Egypt is one of the heaviest economies in Africa. With a GDP of $404 billion, Egypt is undeniably one of the most advanced economies of the continent, and the United States has always had a particular strategic interest in the pharaohs of Africa. The most recent data from the U.S. Department of Commerce shows that Egypt is the largest recipient of U.S. direct investment in Africa at the end of 2020 and fifth in the Middle East after Israel, the UEA, Qatar, and Saudi Arabia. Indeed, the United States has an investment of over $2.3 billion in the Egyptian market spread across sectors as of January of last year.

American firms are active in most economic sectors in Egypt, primarily oil and gas and production, with Apache Corporation, Chevron Corporation, Exxon Mobil, Halliburton, and IPR Energy Group operating in the market. Manufacturing represents the second largest beneficiary of American investment, accounting for 29% of American non-petroleum capital and 22% of the number of companies operating with U.S. capital in Egypt. Although Egypt is a country mainly covered by the Sahara Desert, its agricultural sector remains an important sector of its whole economy. Indeed, agriculture accounts for 28% of all jobs in Egypt and 11.3% of its GDP. Egypt heavily imports agricultural commodities such as wheat, soybeans, and corn. The United States invested $1.4 billion in the Egyptian agricultural market since 1978. Since then, USAID has provided technical assistance to more than 500,000 smallholder farmers, enabled farmers to purchase land, improved farm management techniques and access to financial services, and liberalized agricultural markets.
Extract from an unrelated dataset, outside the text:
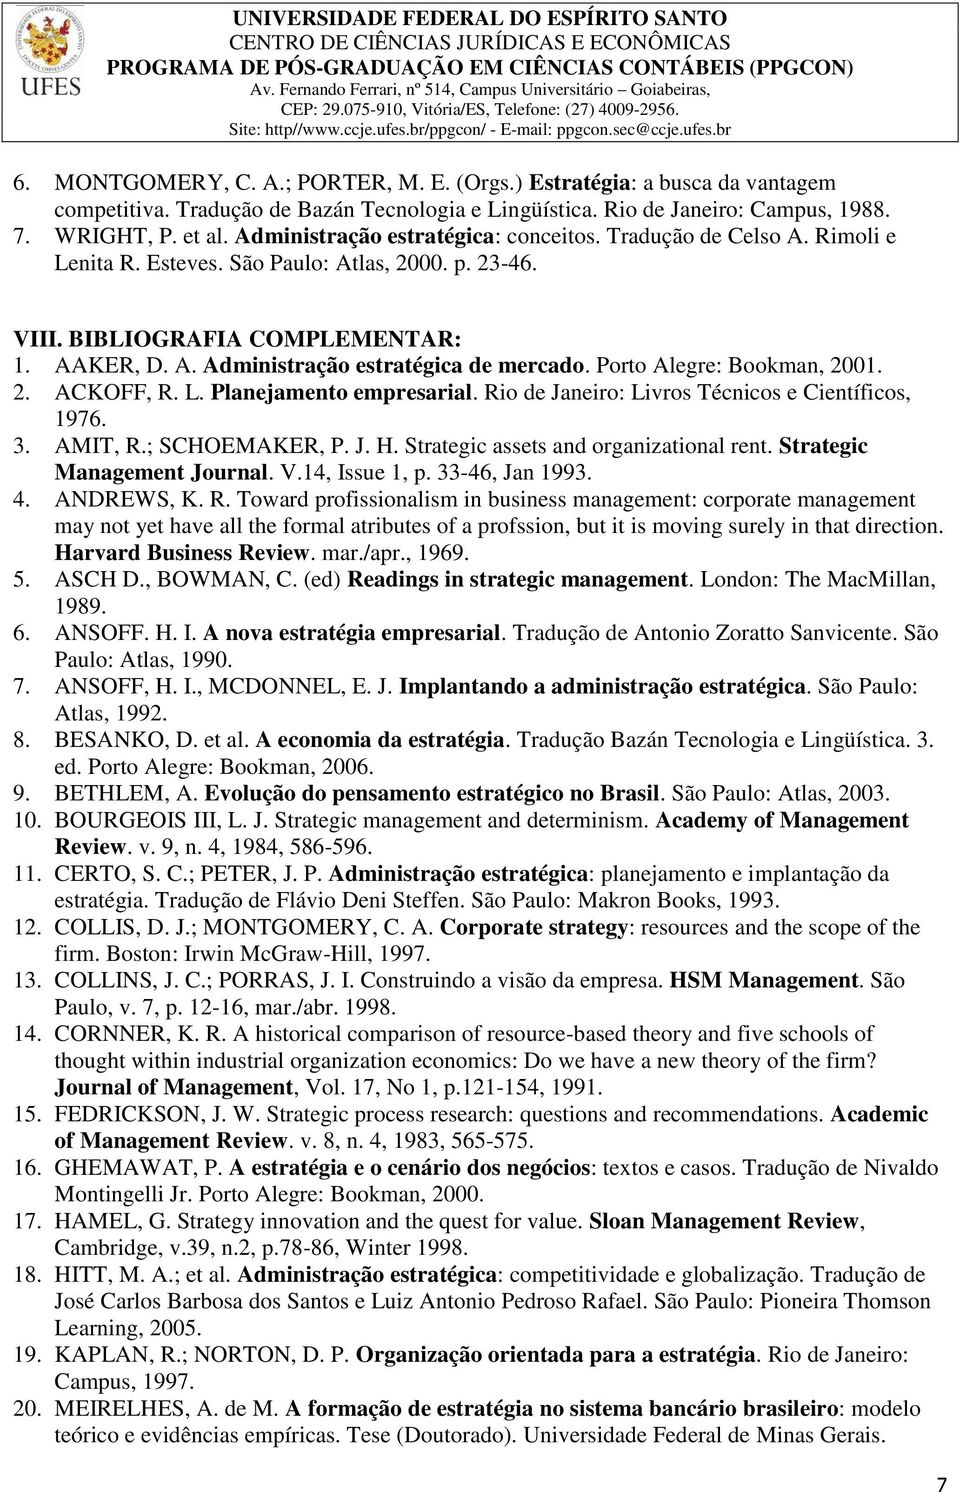 Porto Alegre: Bookman, 2001. 2. ACKOFF, R. L. Planejamento empresarial. Rio de Janeiro: Livros Técnicos e Científicos, 1976. 3. AMIT, R.; SCHOEMAKER, P. J. H. Strategic assets and organizational rent.

Source: Bureau of Economic Analysis

Egyptian markets are still facing challenges and American investments can improve some of these market conditions. For example, it is quite difficult to do business in Egypt. The market conditions to do business, especially for foreign investors can be tedious. Excessive bureaucracy, shortage of skilled labor, limited access to credit, expansive intellectual property issues, and corruption remain present in Egyptian markets, which can impede market efficiency. Thus, to improve the ease of doing business and increase foreign direct investment, the GoE in coordination with the IMF has introduced significant reforms since 2016, including floating the local currency, introducing a value-added tax system, and implementing various laws related to investment, bankruptcy, and capital markets. In 2021, the U.S. direct investment position in Egypt (outward) was $11.7 billion, an increase of 6.3% from 2020. And the direct investment position from Egypt in the United States (inward) was $48 million, an increase of 108.7% from 2020.

In that same year, in 2021, Egypt’s government announced plans to launch a second round of economic reforms aimed at increasing the role of the private sector in the economy, addressing long-standing customs and trade policy challenges, and modernizing its industrial base, and increasing exports. As a result of the government’s increased focus on infrastructure development, Egypt’s $259 billion project finance pipeline is the third-largest in the Middle East and the largest in Africa as of March 2022.

Moreover, the Egyptian government loosened the legal conditions for real estate ownership by non-Egyptians. Indeed, under Law 230/1986, the main conditions are (1) real estate ownership is limited to two real estate properties in Egypt that serve as accommodation for the owner and his family in addition to the right to own real estate needed for activities licensed by the Egyptian government; (2) the area of each real estate property does not exceed 4,000; (3) the real estate is not considered a historical site. These conditions remain tight under most circumstances, which could the expansion of real estate ownership by foreign investors. A loosened set of conditions for the Egyptian real estate market could incentivize investors to increase capital investments in that market as well as in other aspects of the Egyptian capital market.